蕭侯字字都切齒拊心,嬴妲聽見了只縮了下白嫩的雪頸,便起身退了下去,“父親歇息吧,兒媳去照看平兒。”
嬴妲走后,蕭侯在身后氣急敗壞撓椅背,頭擱在椅背上想著,長此以往下去,蕭弋舟將忠臣名聲敗光,只為蕭家留下個背棄信義的惡名,還要自己背負,這豈不是太冤了?他困囿于府中,平白擔了惡名怎么能行!
當下他收拾包袱起身出門,果如嬴妲所說,沒人阻攔,去留由他。
嬴妲正為兒子喂奶,便聽說蕭侯出門去了,她輕盈淺笑朝周氏說道:“侯爺是閑不住的人,但我不覺得他還會與夫君為難。”
蕭侯若真是絲毫沒有野心和宏圖遠志的人,當初就不會下水相助夫君大勝夏侯。
不日便有喜報傳來,世子一鼓作氣打下了庸城!
喜報傳回之后,舉城歡慶,嬴妲這個世子妃也被太守請去赴宴,嬴妲酒量不好,只飲了一些果酒,席間太守祝酒時說道:“下官亦是前朝太守,兩代人守了隨城八十年了,世子來時秋毫無犯,容我等在此繼續休養生息,這是大恩,下官沒齒不忘。在此恭祝世子圖南得償,功業千秋。”
他舉著耳杯不問自飲,說話神態已帶了醉意。
嬴妲不說話,只是心中還真是有些詫異。
得道多助,原來還真的有不少人期盼著蕭弋舟成就大業,真心擁戴。
這樣的錦上添花,讓人不可謂不喜,嬴妲忘懷繁冗多飲了幾杯,最后是醉著讓周氏扶上馬車的。

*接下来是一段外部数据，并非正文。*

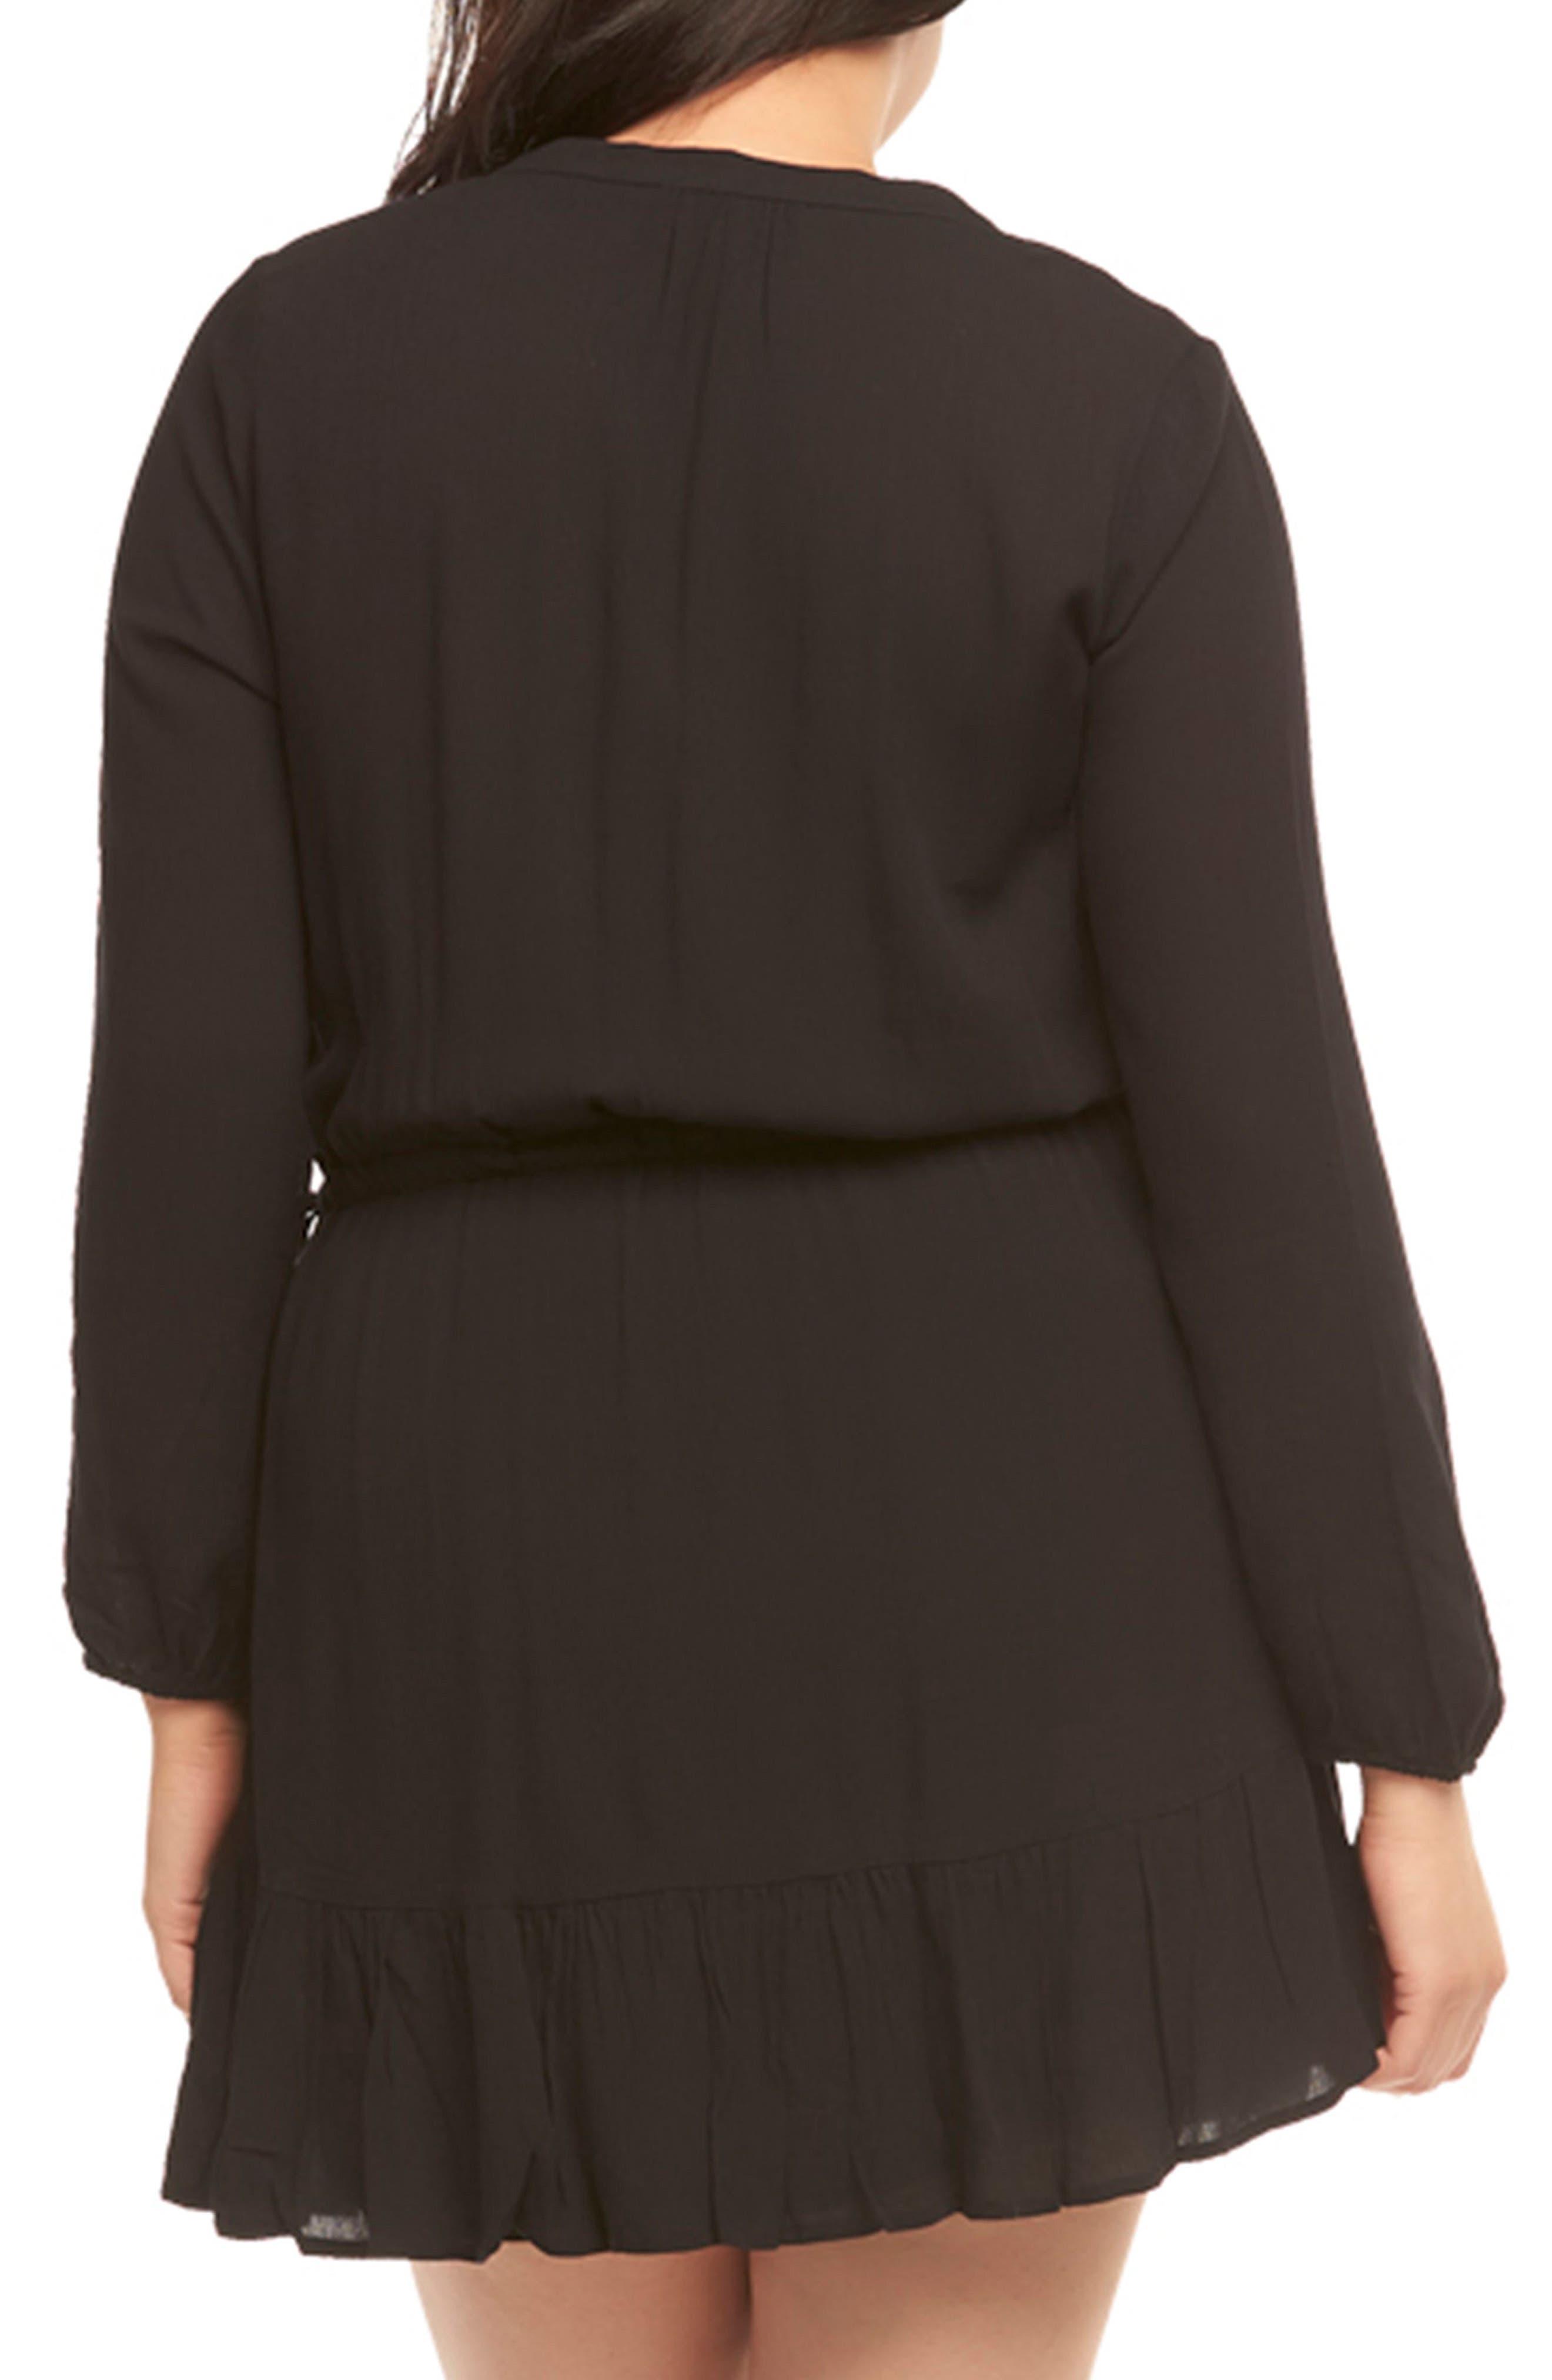 Alternate Image 2  - Tart Sian Shirtdress (Plus Size)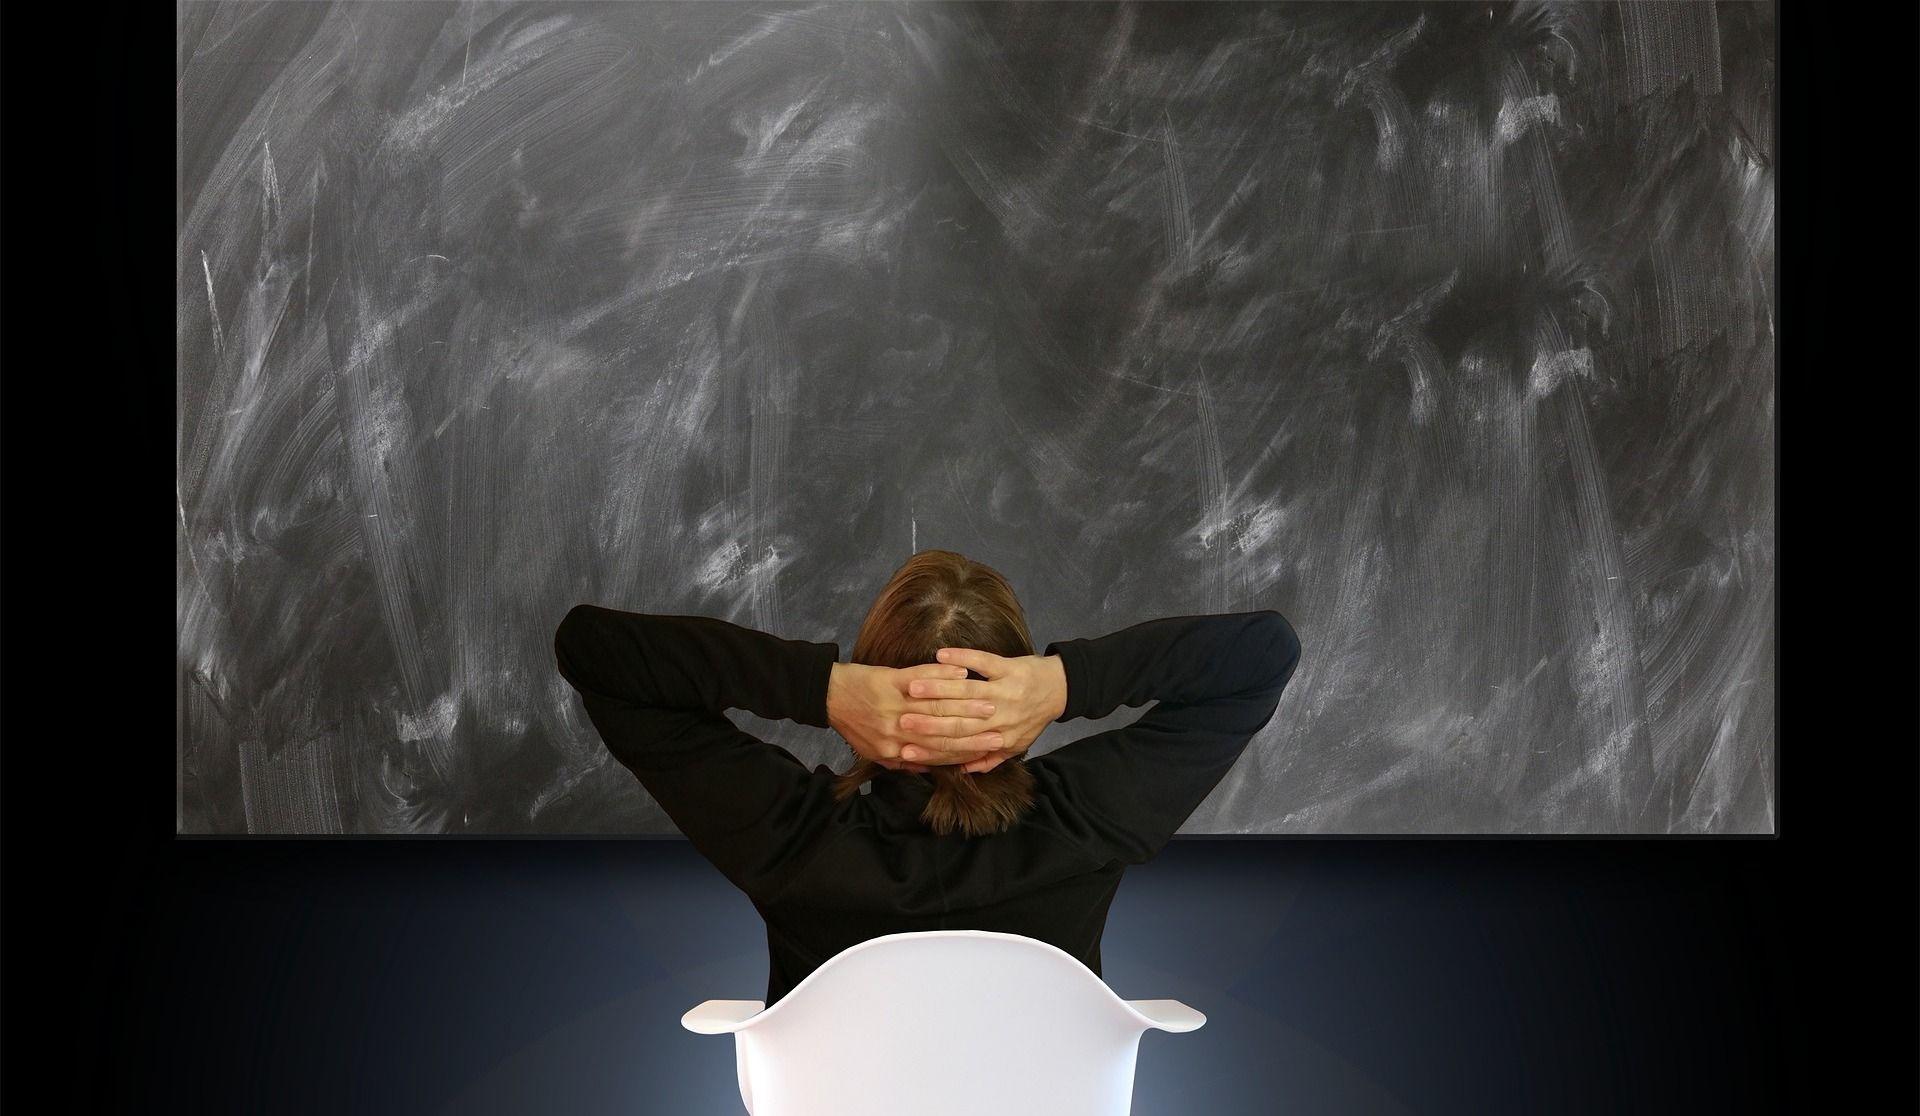 Décrochage scolaire: des données inquiétantes à propos des jeunes francophones

回房之后,周氏添了燈油,將嬴妲安置在榻上,未免酒氣熏了小公子,便將平兒安置在搖籃里,平兒乖巧不鬧,睡得香甜,周氏料理完這一切后,才長長了松了口氣。
蔚云疑惑不解:“世子既已奪下庸城,為何沒有回隨城來接夫人?”
周氏道:“許是世子覺著隨城更安逸,沒有戰禍吧,夫人嘴上不說,心里頭是有埋怨的,不然不能飲這么酒。當初讓世子帶著她來,夫人是費了心思的,沒想到世子還是……”周氏說到此處意味不明地笑了兩聲,拉著蔚云的素手出門去了。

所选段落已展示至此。